Tom Conti's iconic score stirs excitement and transports us back to a time when an entire nation gazed up at the sky. The Right Stuff is burning with bravery and wonder from the first frame until the very last one as Gordo Cooper sails across the ocean sky. It's a moment that puts a lump in my throat and tears in my eyes as I wish America could once again "push the outside of the envelope."
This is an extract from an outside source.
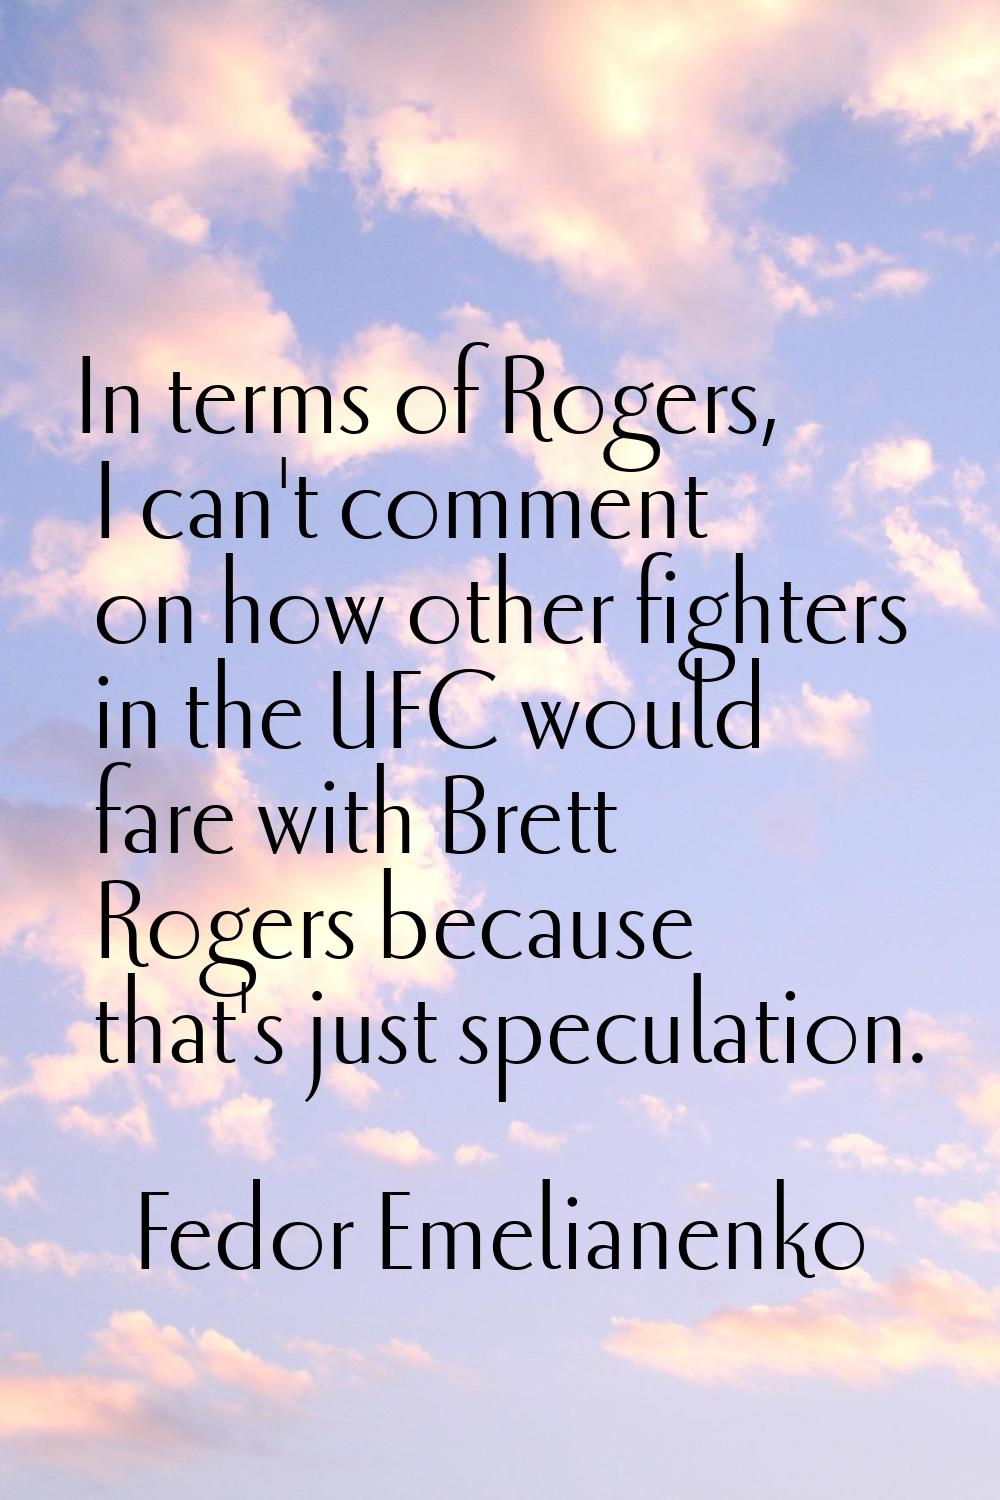 In terms of Rogers, I can't comment on how other fighters in the UFC would fare with Brett Rogers b

It's hard to say why The Right Stuff didn't grab audiences at the time. Perhaps they had no desire for historical biopics or they just wanted to see Return of the Jedi again. I find it fascinating that much of the decades popular films were about father figures (literal and figurative) and this one was the least fantastical (but most abstract) and got ignored. Looking back now we can see its influence on everyone from Quentin Tarantino to James Cameron to Christopher Nolan. Of the 80s popcorn entertainments, The Right Stuff is the most complex, technically ambitious and best captured the feel of an era when men said "fuck it" and shot for the stars. Reagan era cinema was filled with illusions of a “simpler” time that likely never existed, but The Right Stuff is cinema's strongest argument that it did.